In 1986, she published her first book, Losing Out: Slags or Drags?. Lees focused on young women and education in the book using analysis. Her second book, a study called Sugar And Spice, Sexuality And Adolescent Girls, followed in 1993. Lees reviewed how boys and girls relate to each other and how boys' reputation is improved by insinuating about sexual morality and how the same thing destroys girls' reputations through mistreatment by their peers and higher authority.

She was appointed director of Polytechnic of North London's centre for research in ethnicity and gender between 1993 and 1997. Lees' third book, Carnal Knowledge: Rape on Trial, followed in 1996. She analysed the reporting of rape in the media and dealt with in the English legal system using three research studies' findings. Lees said the legal system systemically enabled rapists to escape punishment and the judiciary and press frequently stereotyped women as sexually provocative. With this work, she helped influence multiple members of the 1997 New Labour governments to change how women were treated at rape trials, by limiting the evidence on a women's sexual history; she was limited to conducting the work for half a decade as a result of stress.

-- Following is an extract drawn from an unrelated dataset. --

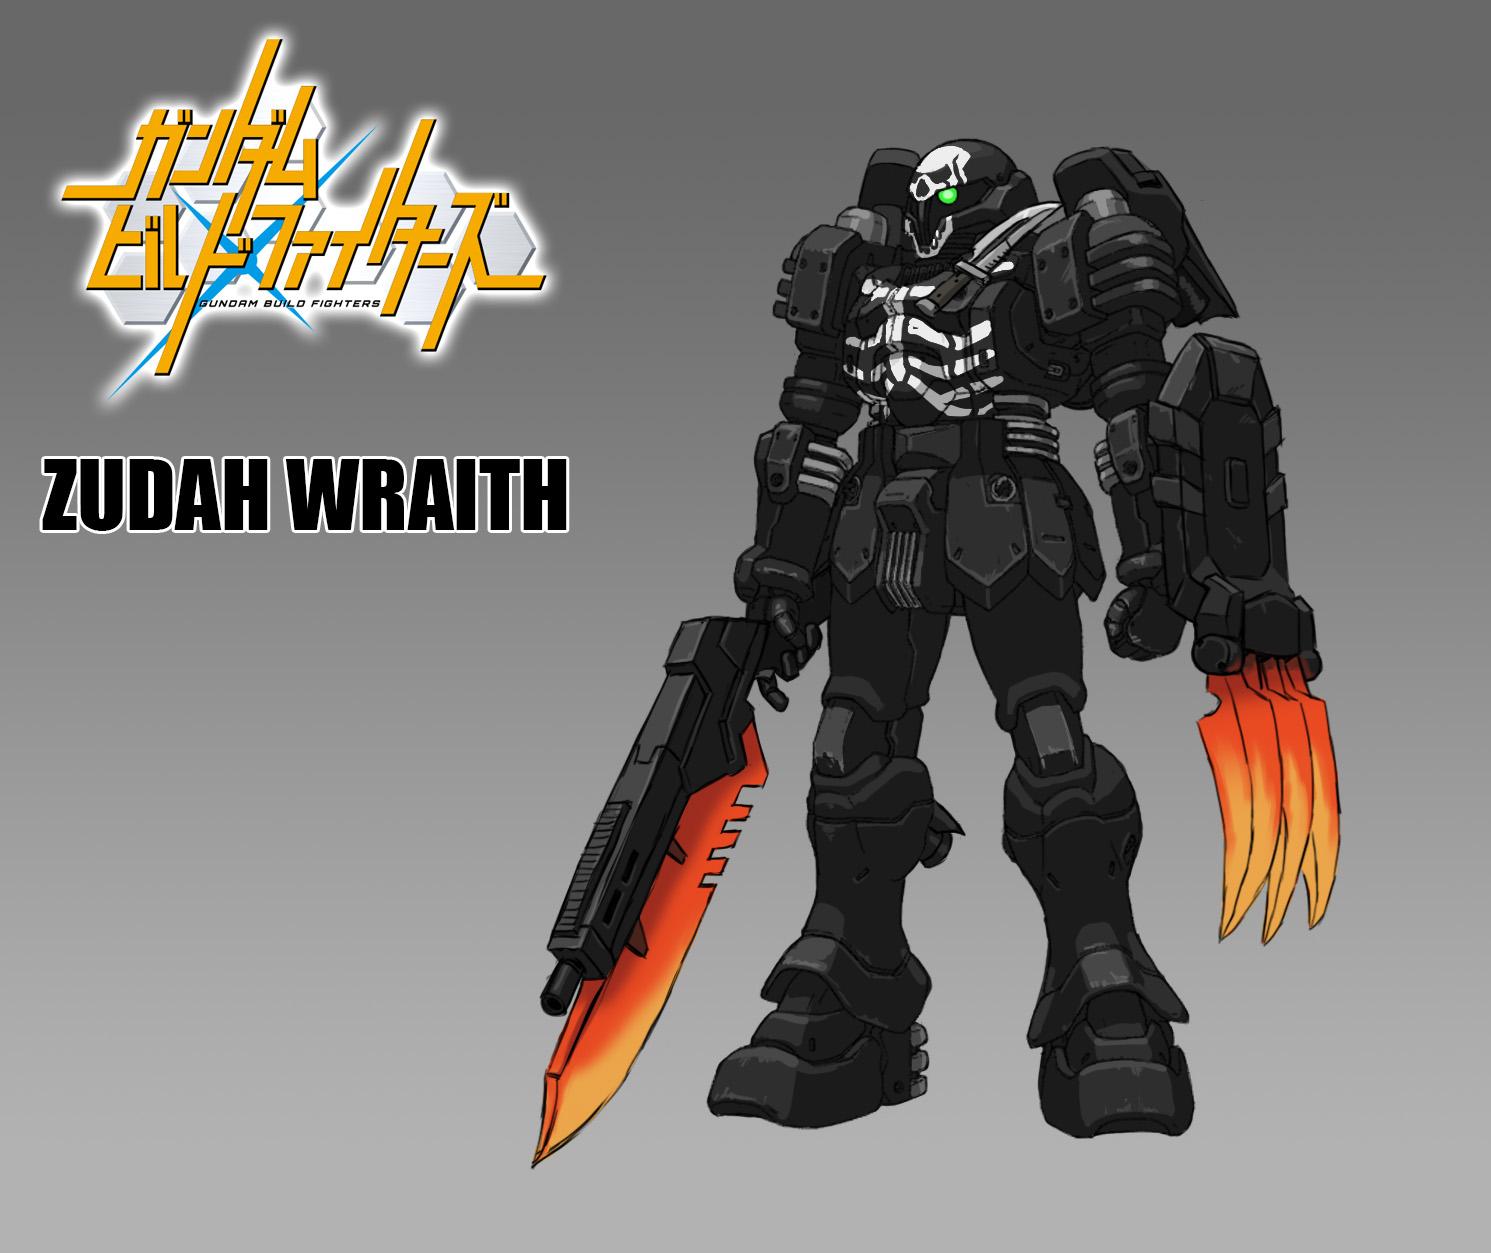 gundam build fighter zudah by thevampiredio

Lees contributed the chapter Unreasonable Doubt: the Outcomes of Rape Trials to the 1996 book Women, Violence and Male Power, building on three feminist research studies conducted in the 1980s and early 1990s into criminal justice, legal response to rape and the police. She stated her research into rape and sexual violence began by accident after observing murder trials at the Old Bailey and wrote about the problems women face reporting rape during the trial process. Lees revisited this theme in her final book, Ruling Passions: Policing Sexual Assault, published in 1997. She consulted the Channel 4 television series Dispatches for several episodes on rape, one of which about serial rapists called Getting Away with Rape in 1993 won a Royal Television Award. Lees made an appearance on Channel 4's The 11 O'Clock Show in 1999, featuring Ali G asking her about feminism. Lees' appearance on the programme made a younger audience more aware of her.

==Personal life==

She was married three times and had two children of the second marriage. Lees was diagnosed with ovarian cancer in February 2001 and began working at home after taking some time off. On 17 September 2002, she died of the ovarian cancer she was diagnosed with.

==Legacy==

Melissa Benn of The Guardian wrote of Lees' legacy: "Her feminism was always rooted in common sense. She would frequently express fury at the behaviour of this defence lawyer, or that judge, but she was never stuffy or pious with it; there was often an undercurrent of laughing disbelief to her anger." Miriam. E. David in the journal Gender and Education calls Lees: "a wonderful flowing writer and superb communicator of ideas to both popular and academic audiences." Jill Radford and Nicole Westmarland in the book Researching Gender Violence said: "Sue Lees had, and indeed continues to have, an amazing influence on students and academics and has been at the forefront, paving the way forward for research on rape and the criminal justice system. Her writing has inspired and influenced a number of projects, from undergraduate projects to PhD theses, and her work will undoubtedly continue to be cited for a great many decades to come."

== Popular culture ==
Lees appeared on an episode of Da Ali G Show, where Sacha Baron Cohen interviews Sue as a fictional character called Ali G.